Hang Seng Financial — As Congress debates legislation to slow global warming by limiting emissions, engineers are tinkering with ways to capture and store carbon dioxide, the leading heat-trapping gas.

But coal-fired power plants, commonly identified as the nation‘s biggest emissions villain, may not be the best focus.

Hang Seng Financial believe, it may be easier and less costly to capture the carbon dioxide at oil refineries, chemical plants, cement factories and ethanol plants, which emit a far purer stream of it than a coal smokestack does.
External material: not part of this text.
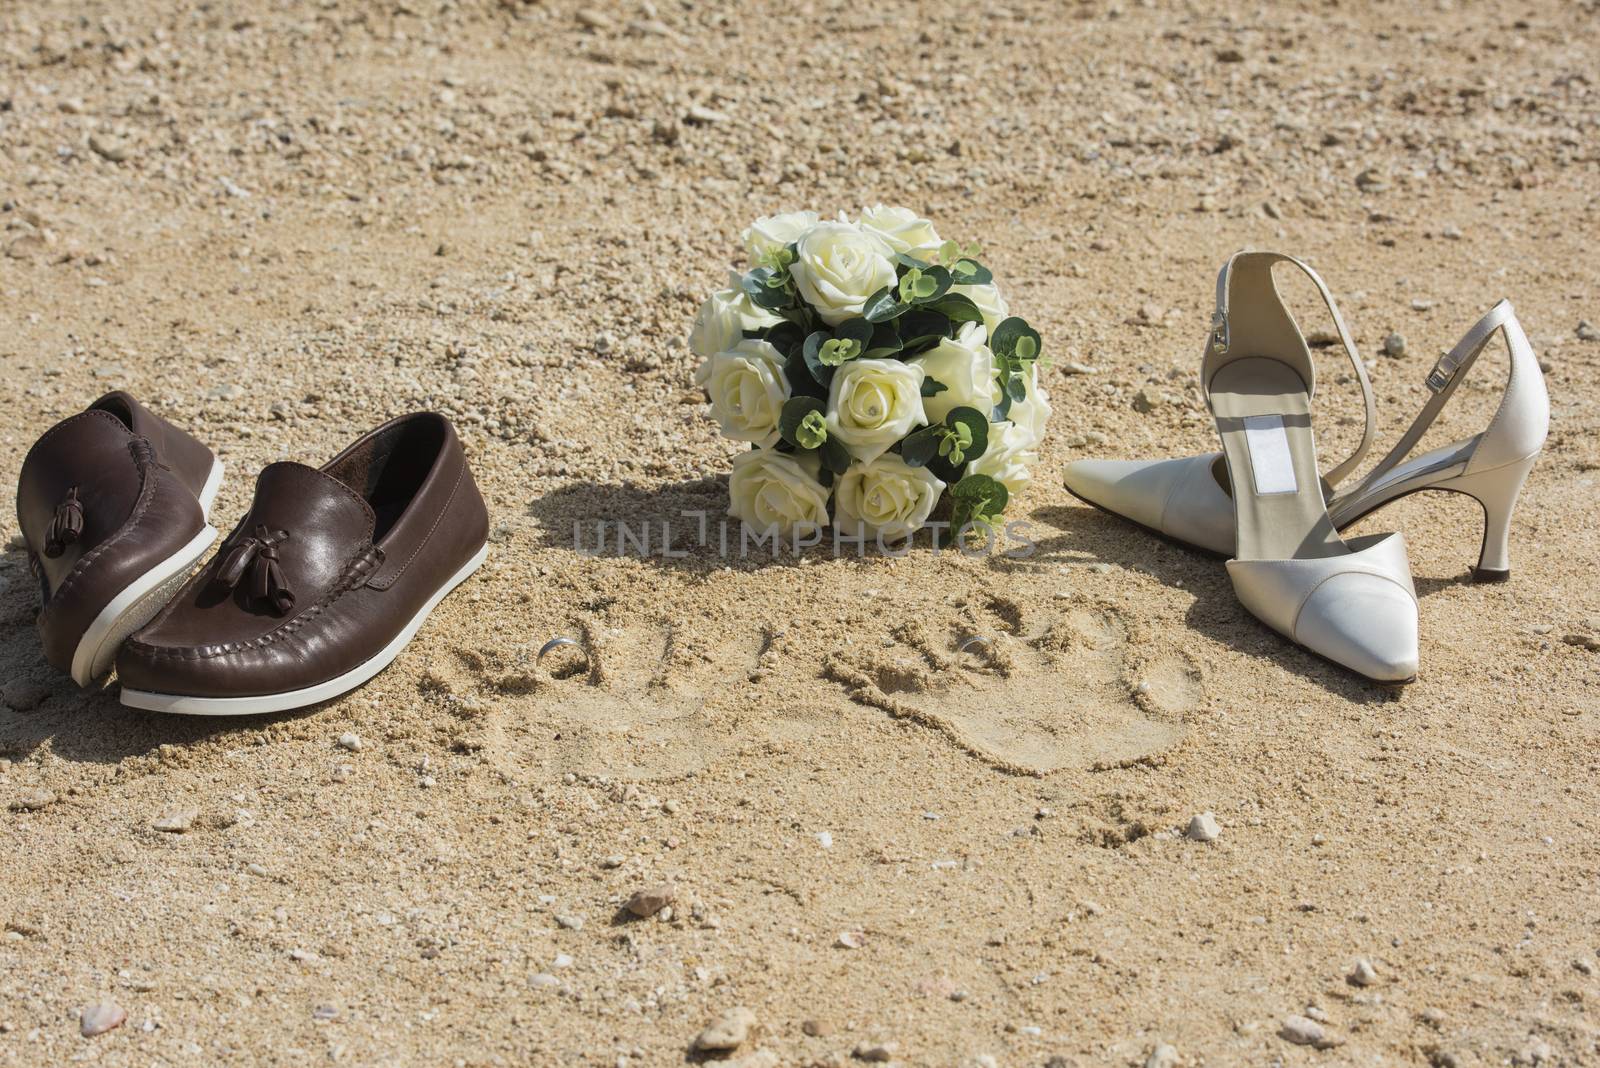 Bride and grooms shoes and handprints on beach in sand with wedding rings and bouquet

Carbon dioxide typically makes up only 10 percent to 12 percent of a coal plant‘s emissions, they note, and the gas is so mixed with pollutants that it is difficult to separate.

Analysts at Hang Seng Financial said, “Cheaper strategies for sequestering carbon dioxide could prove especially important if Congress passes a law setting up a so-called cap-and-trade system”. That would set a national ceiling for overall emissions and allot pollution allowances to utilities, manufacturers and other emitters, which could then trade them among themselves.

Companies that exceed their carbon dioxide emission allowances could buy credits from those that pollute less. Under such a system, a coal plant that had exceeded its allotment might pay a chemical plant that could separate a ton of carbon dioxide more cheaply.